EXERCISE OBJECTIVE
Give the listing again character for character, but drop the images.

INFORMATION PROVIDED
------
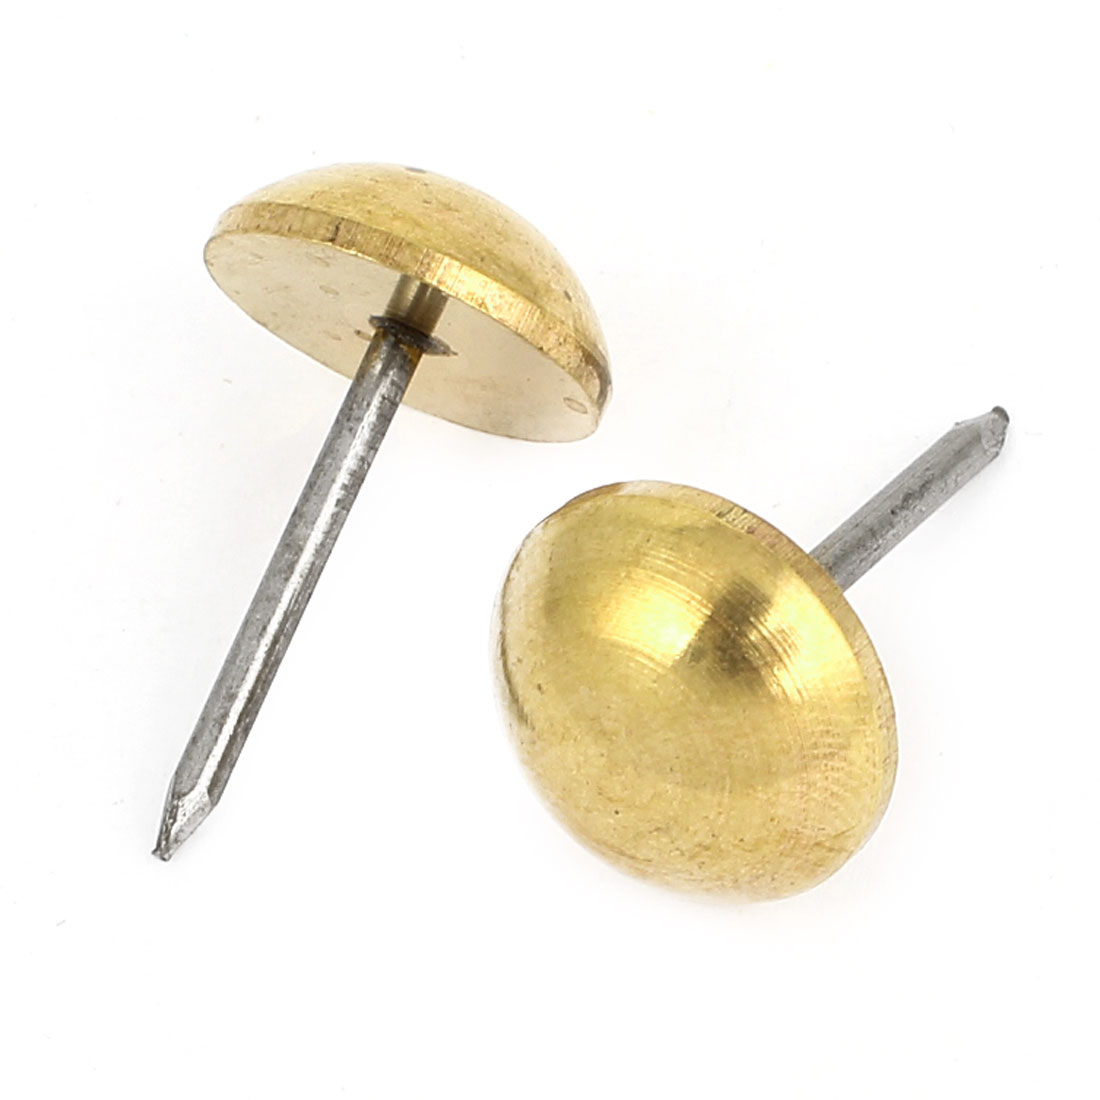 2 Pcs Gold Tone Office Message Board Pushpins Thumb Tacks 20mm Dia
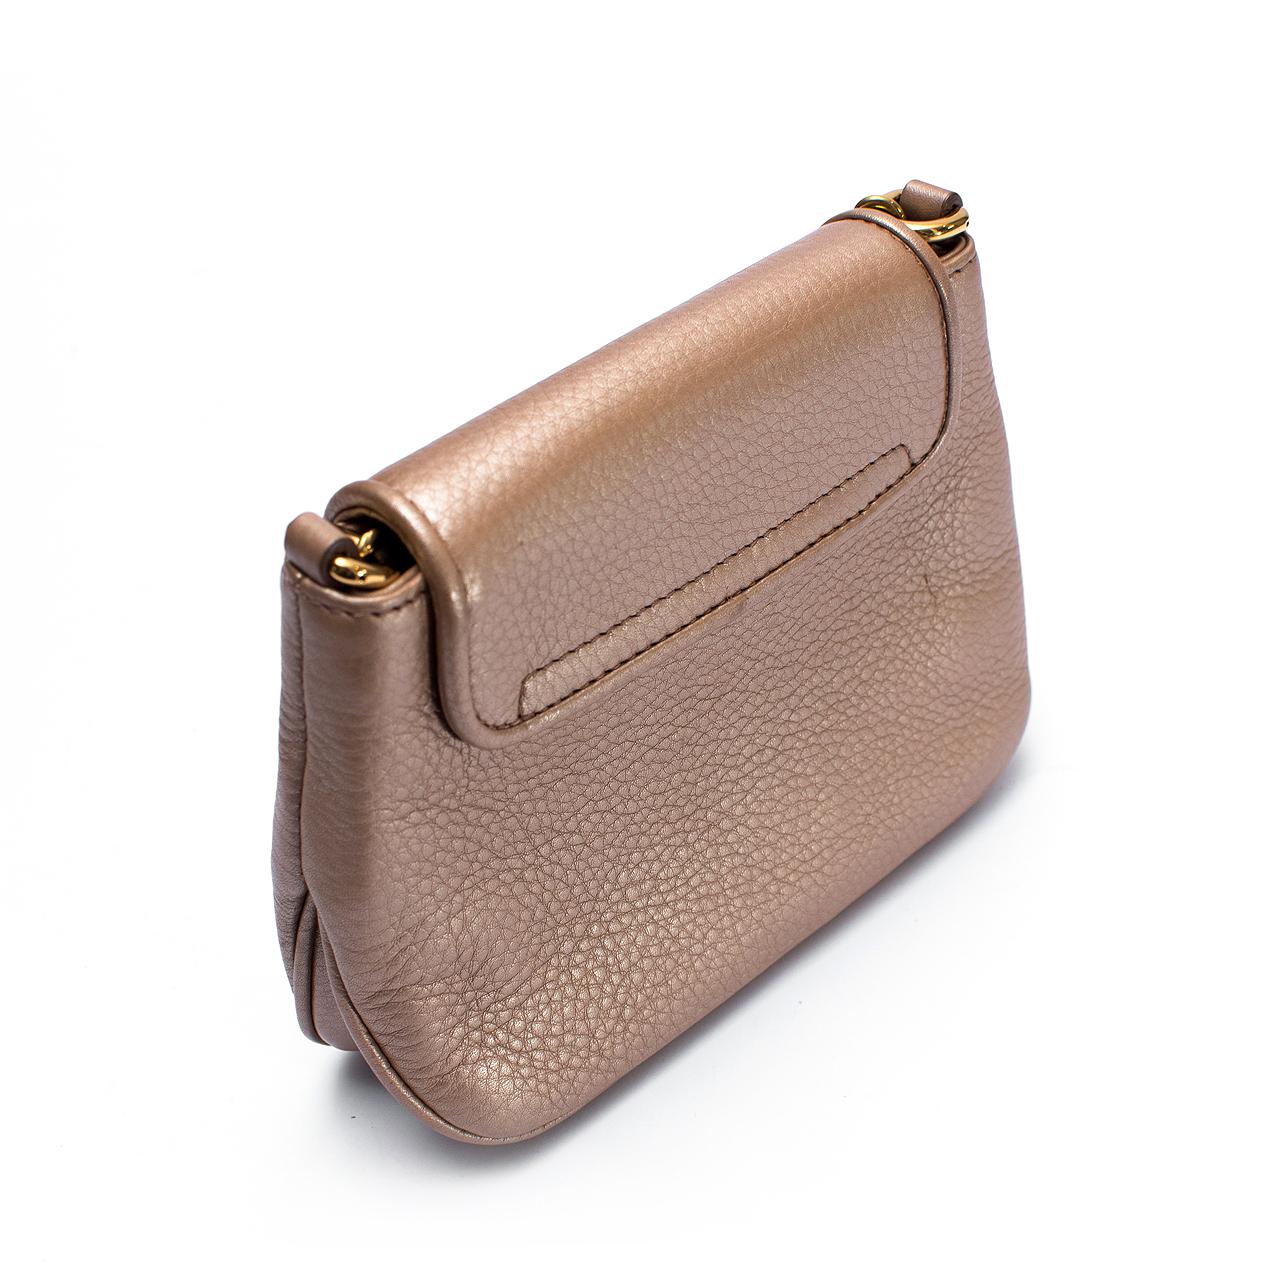 Bolsa Gucci Pequena Inspired : Bolsa gucci box de grife
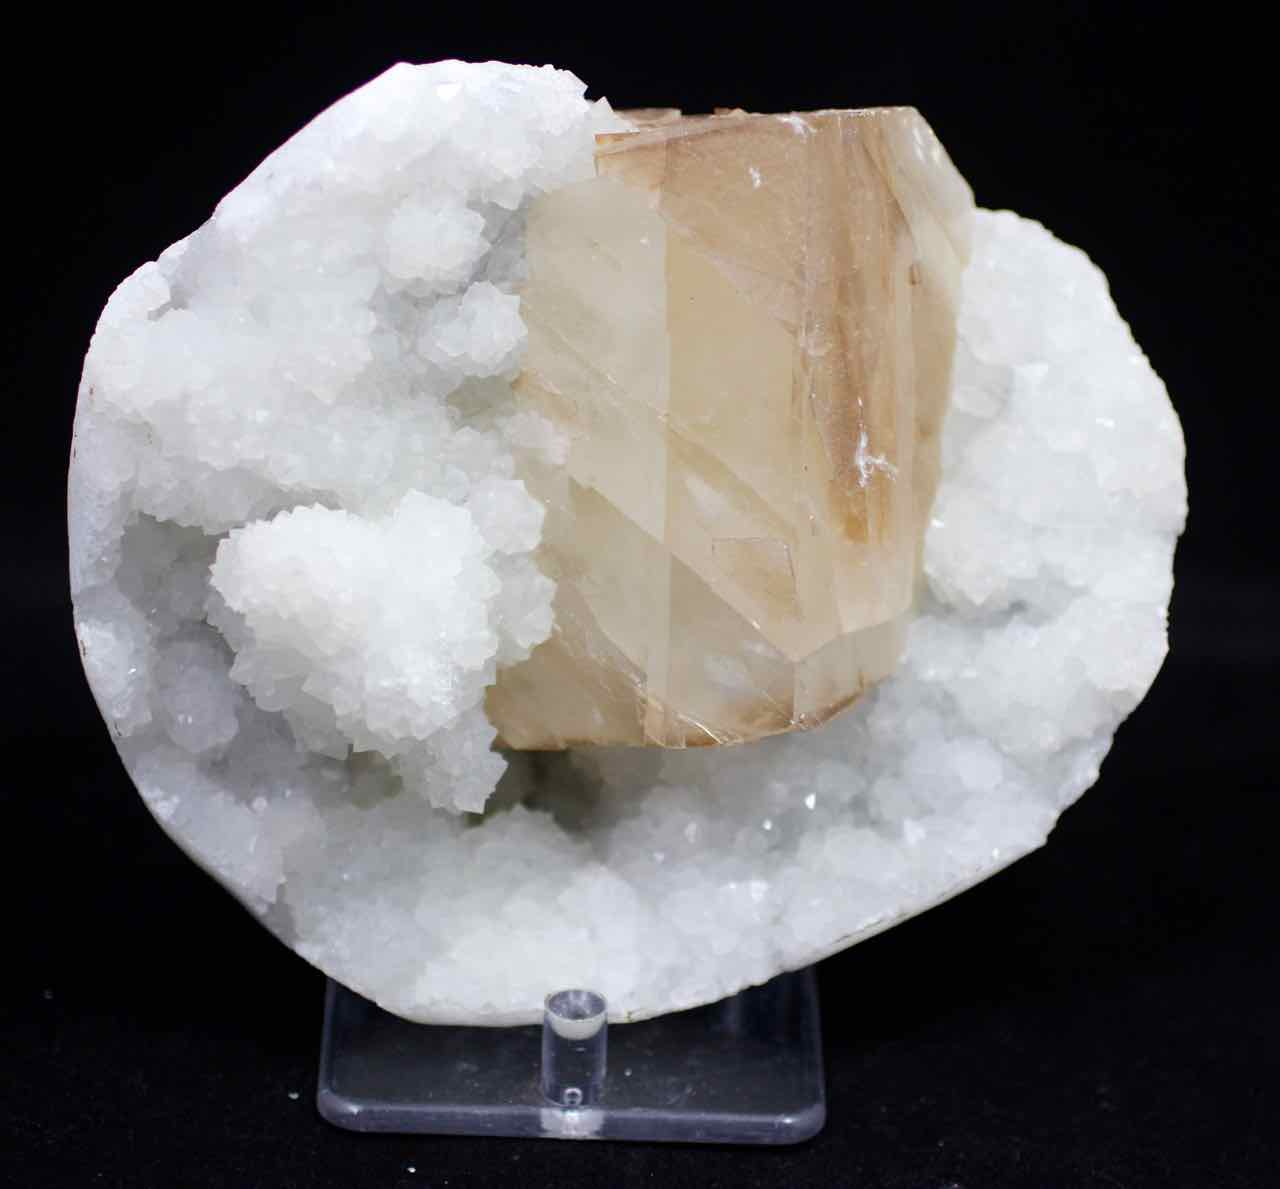 Calcite, Yellow Calcite, Chalcedony, Quartz, Matrix, Zeolite, Minerals, Natural Stone, Rock, Natural Crystal, Collectible, India, Earth
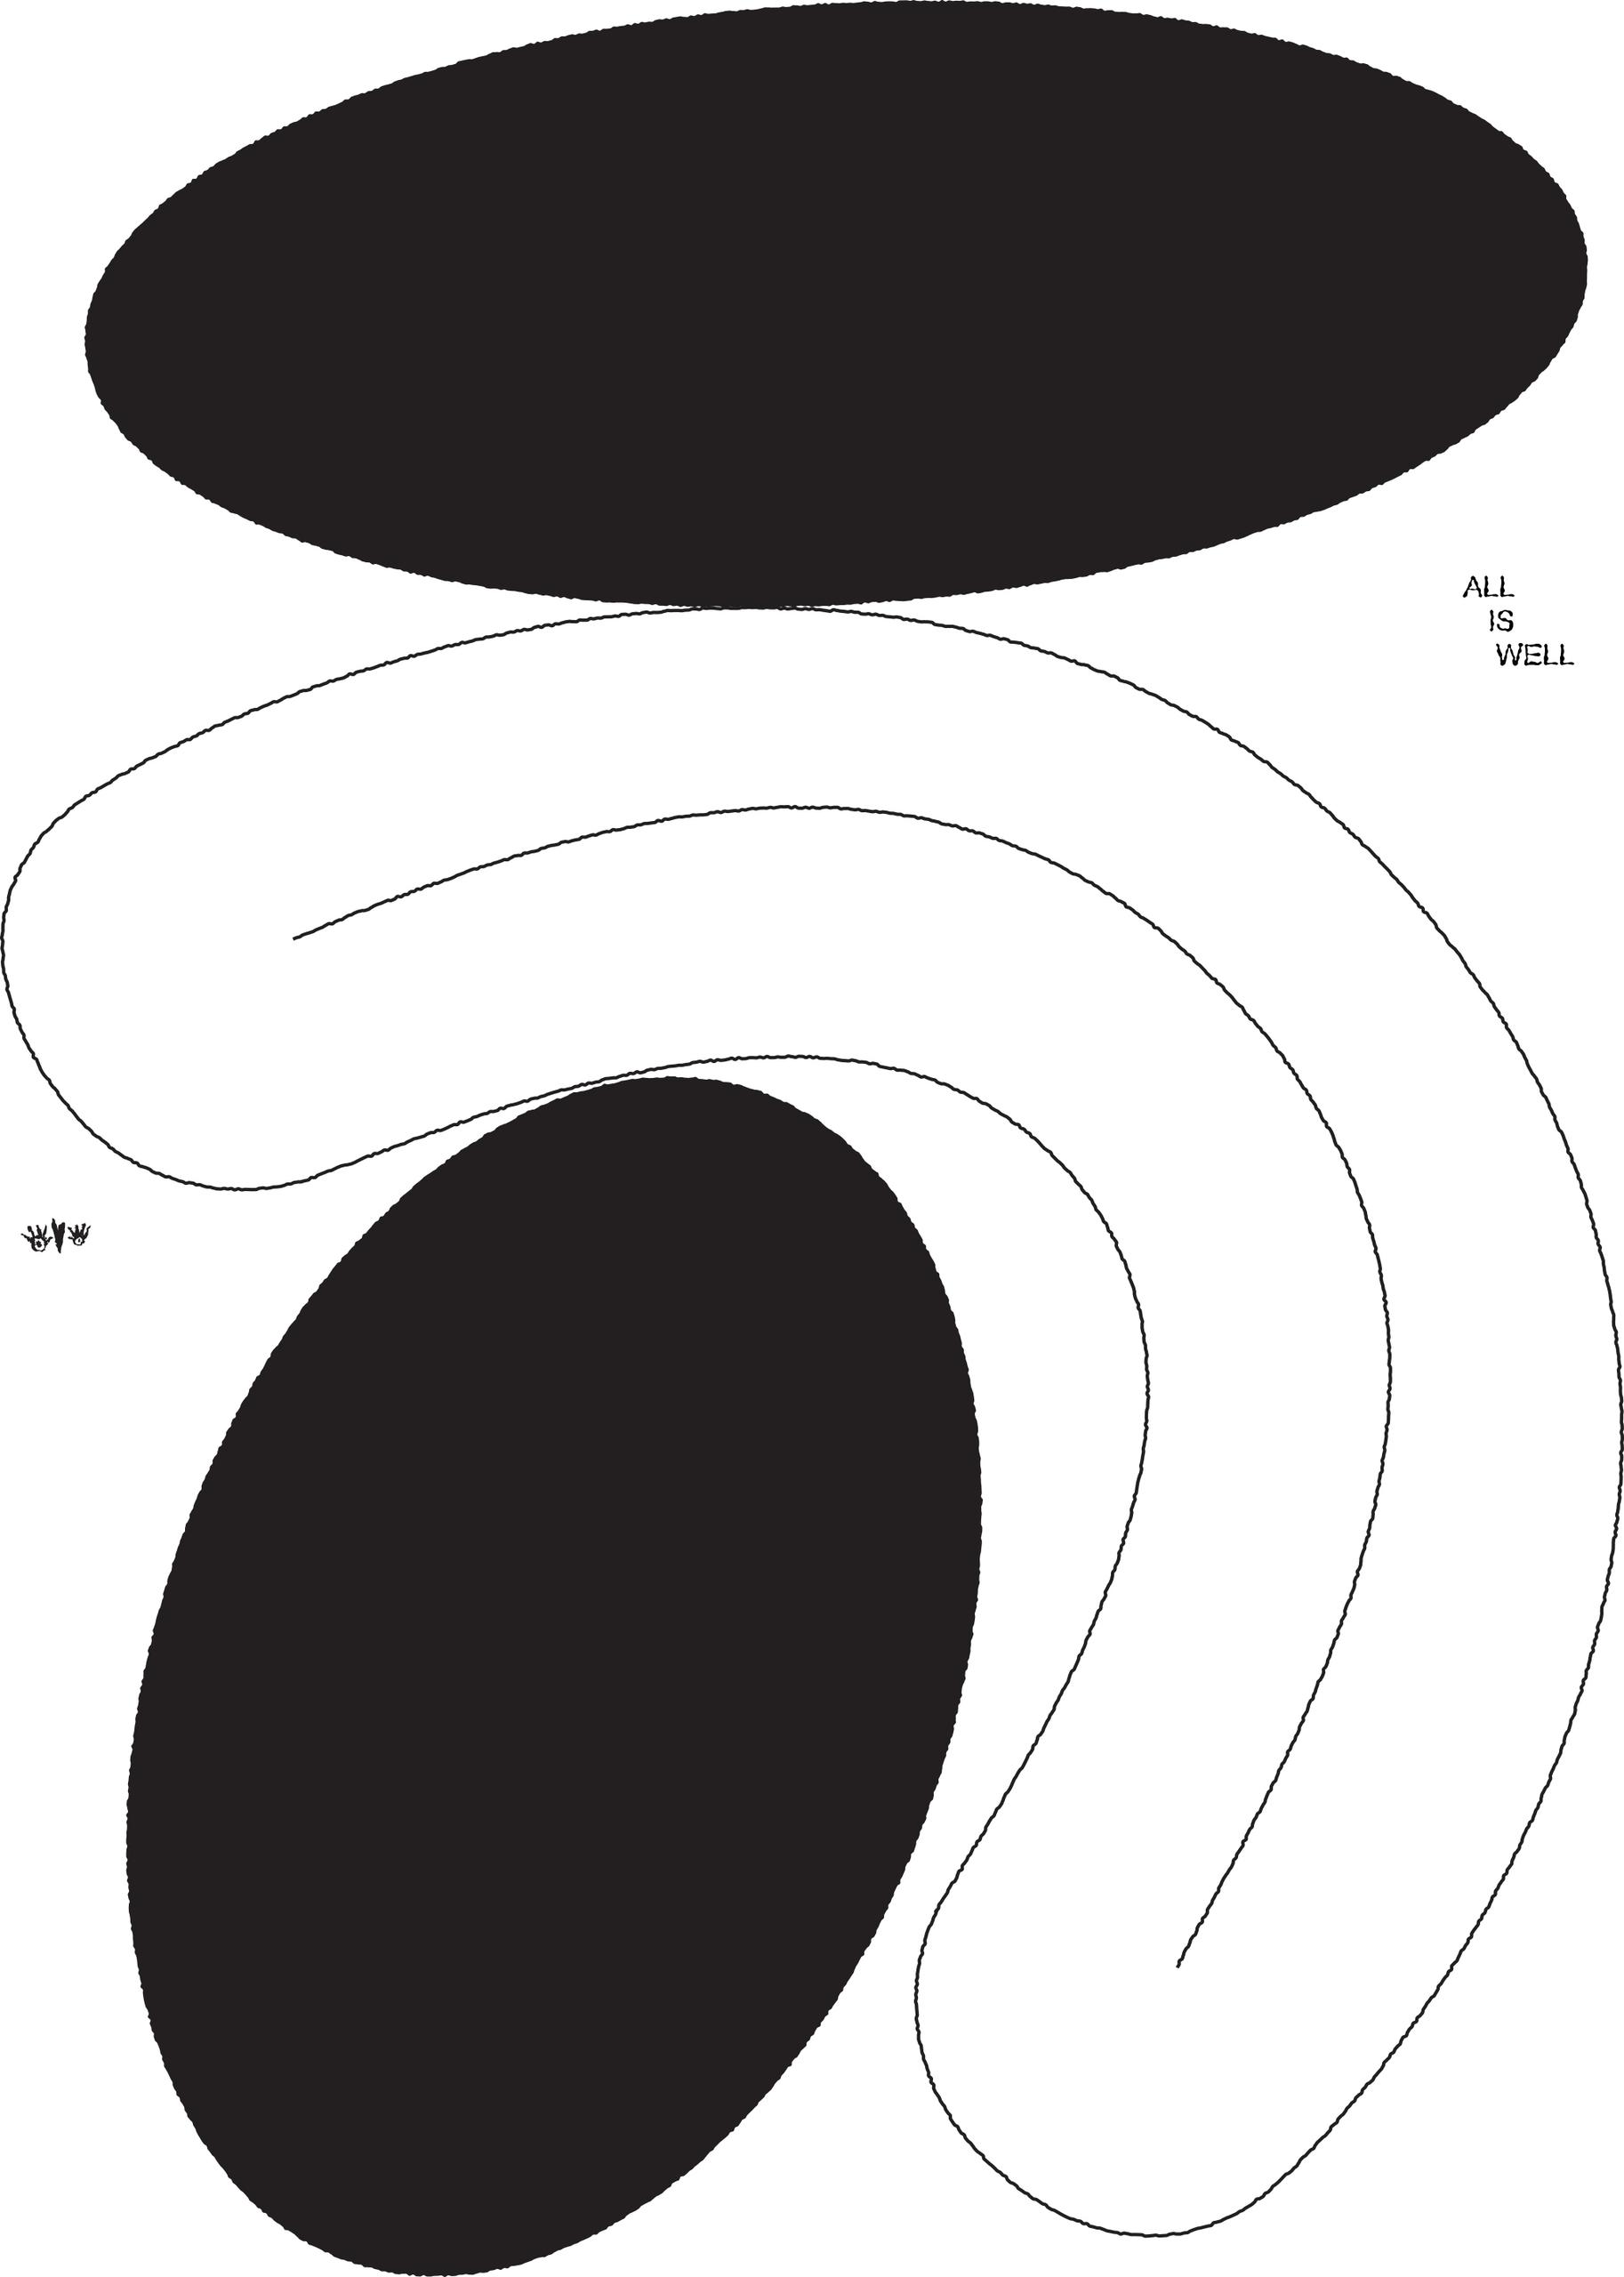 Facial tick - illustration, graphicdesign - mattluckhurst | ello
------
RESPONSE TO THIS TASK
 2 Pcs Gold Tone Office Message Board Pushpins Thumb Tacks 20mm Dia
 Bolsa Gucci Pequena Inspired : Bolsa gucci box de grife
 Calcite, Yellow Calcite, Chalcedony, Quartz, Matrix, Zeolite, Minerals, Natural Stone, Rock, Natural Crystal, Collectible, India, Earth
 Facial tick - illustration, graphicdesign - mattluckhurst | ello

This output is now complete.